A polynomial
$$f(x) = x^n + a_{n-1} x^{n-1} + \cdots + a_1 x + a_0$$
where $a_{n-1}, a_0$ are known. How to determine whether polynomial $f$ has integer roots? Can we give a bound of $\max\{a_i \mid i=1,\dots,n-2\}$ and $\min\{a_i \mid i=1,\dots,n-2\}$ decide by $n,a_{n-1}$, and $a_0$ such that the polynomial roots are integers.
Best Answer
I'm not sure if I understand just what you're asking, but perhaps it is the following:
If that's what you're asking, then the answer is no. Consider for example the polynomial $$ g(x) = x (x^2 - c^2)^{k}, $$ where $c \in \mathbb{Z}$. Then this has $a_0 = a_{n-1} = 0$. But even for fixed $n$, the other coefficients are unbounded if you let $c$ be large.
This part added in response to Timothy Chow's comment:
Timothy Chow made the suggestion that allowing $a_{0} = a_{n-1} = 0$ feels like cheating, and on reflection, I agree!
If we allow $a_0 = 0$, then we can't get any bound on the other coefficients
Namely, just consider any monic degree $n-2$ polynomial of the form $p(x) = x^{n-2} + b_{n-4} x^{n-4} + b_{n-5} x^{n-5} + \cdots + b_0$. Then look at the polynomial $x (x+a) p(x) = x^n + a x^{n-1} + a_{n-2} x^{n-2} + \cdots + a_1 x + 0$. This will have integer roots, and the coefficient $a_{n-1}$ is free to be any integer you like. Yet the other coefficients can be wild. For concreteness, consider this $$ h(x) = x (x+a)(x^2 - c^2)^k, $$ which, for fixed $a$ and $k$, will have unbounded coefficients if you pick $c$ large enough [e.g., the sum of these coefficients is $h(1)$ which is unbounded].
If we disallow $a_0 = 0$, then we do get a bound
However!
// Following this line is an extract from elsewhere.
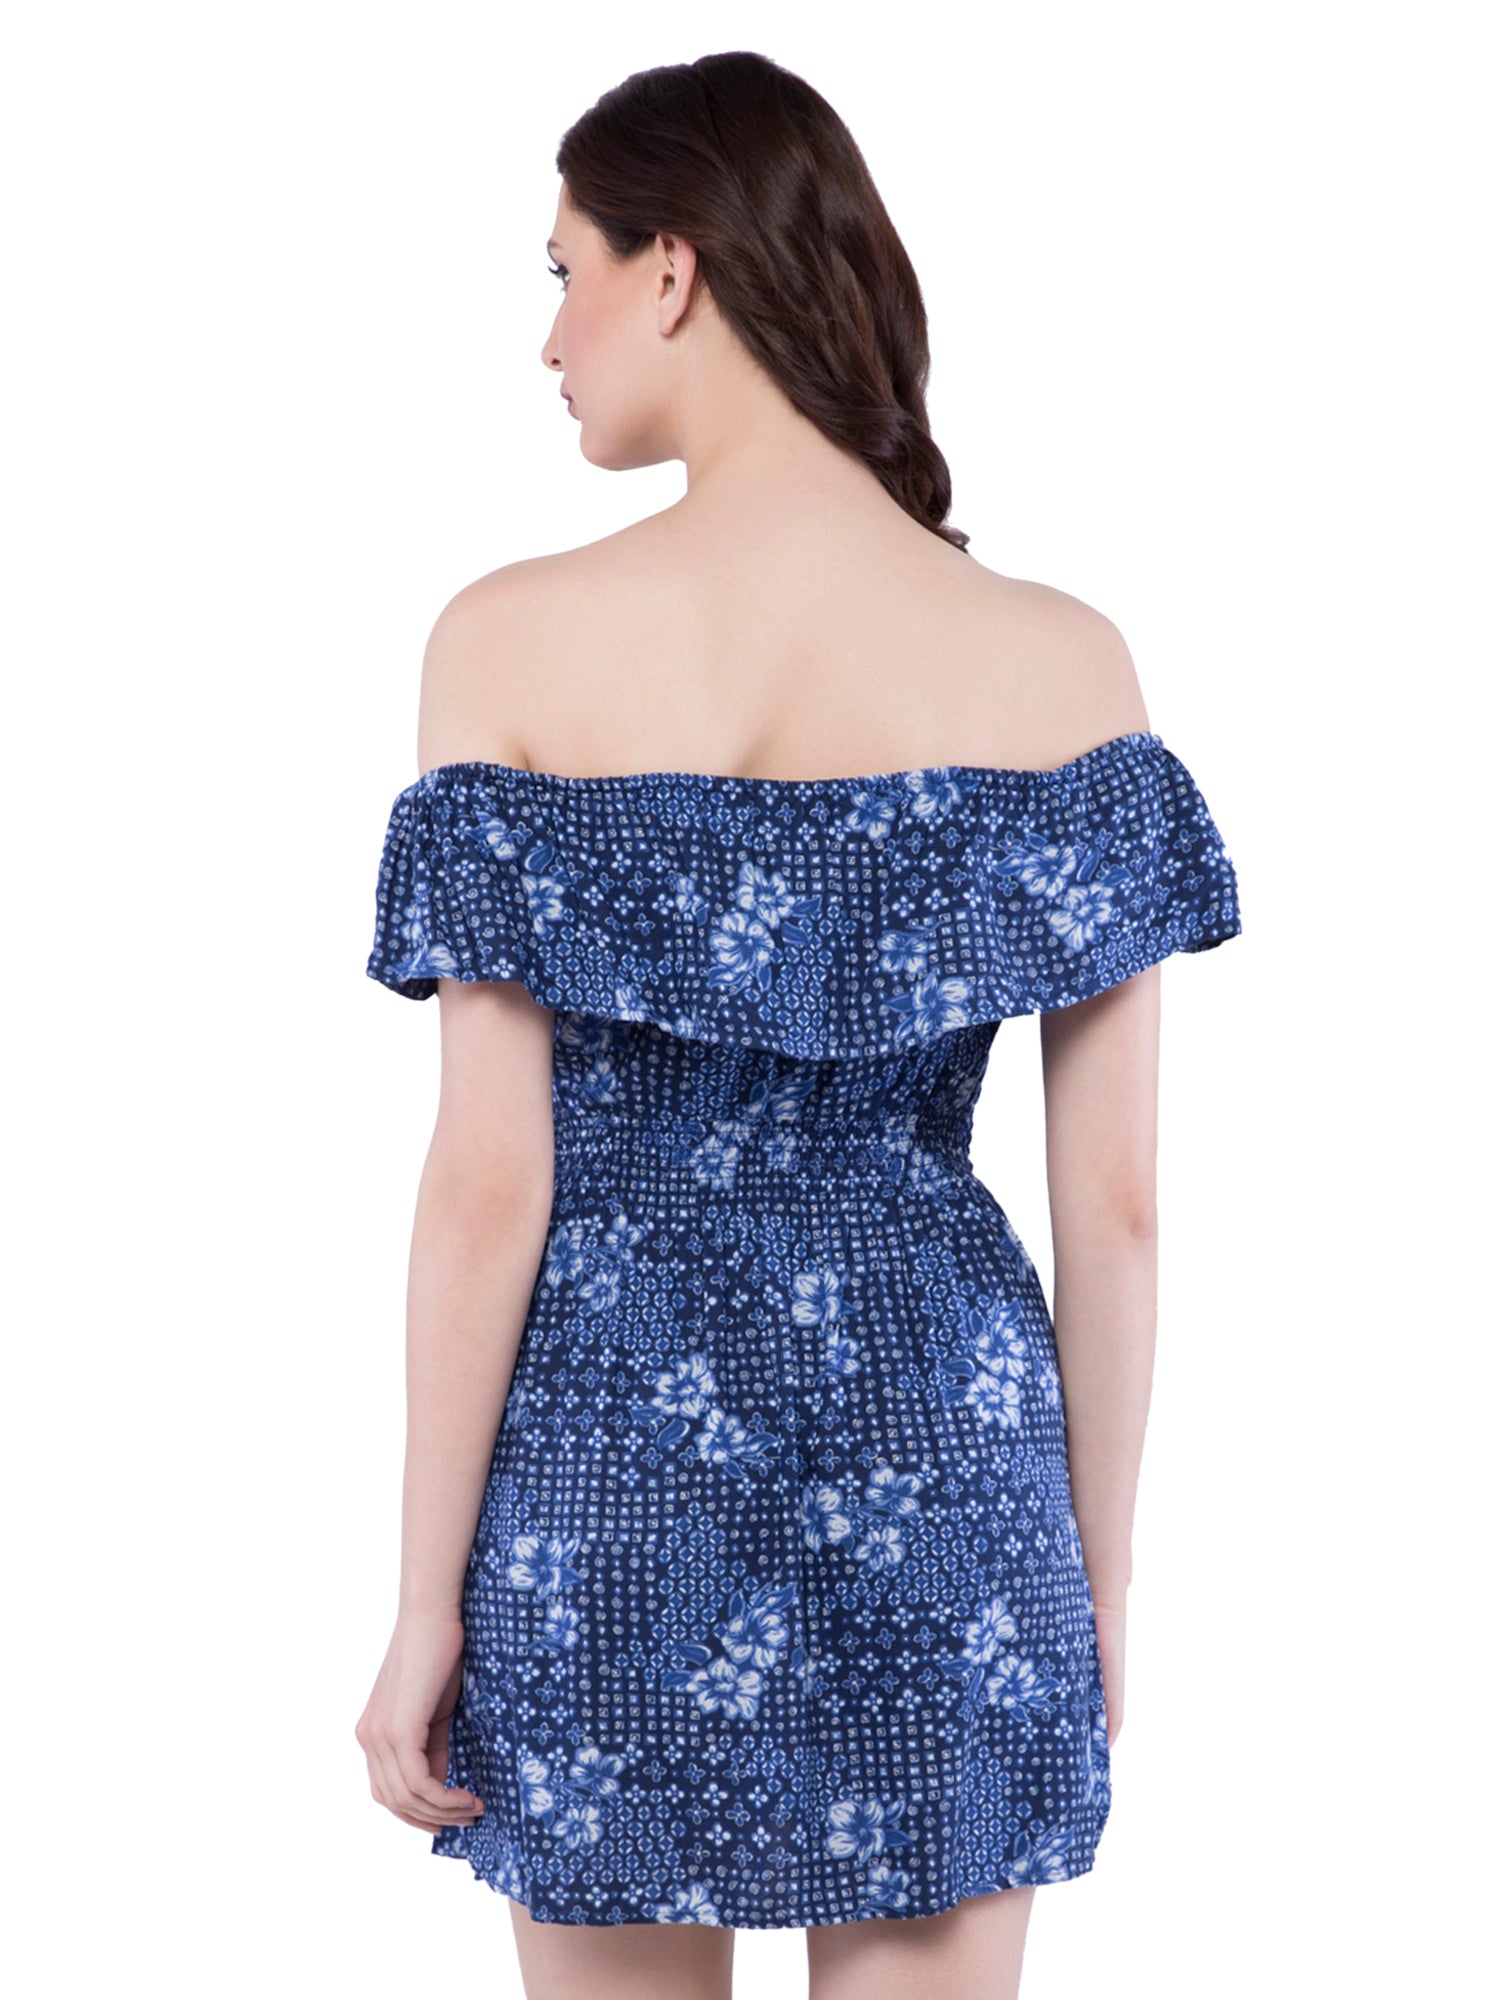 hollister blue floral dress

If we disallow the case $a_0 = 0$, then yes you can get a bound on the remaining coefficients. Namely, if $f(x)$ factors as $f(x) = \prod_{i} (x +r_i)$, then we know $a_0 = \prod_{i} r_i$. If none of the roots is $0$ (i.e., if $a_0 \neq 0$), then each root is at least $1$ in absolute value, and thus $|a_0|$ is an upper bound on every product of the form $\prod_{i \in S} |r_i|$. Therefore, we have
$$ |a_{n-k}| = \left| \sum_{|S| = k} \prod_{i \in S} r_i \right| \leq \sum_{|S| = k} \prod_{i \in S} |r_i| \leq \sum_{|S| = k} |a_0| = {n \choose k} |a_0|. $$ This bound is tight of course by the polynomials $(x+1)^n$ and $(x-1)^n$. (This reminds me of Newton's inequalities, which probably can provide an alternate proof.)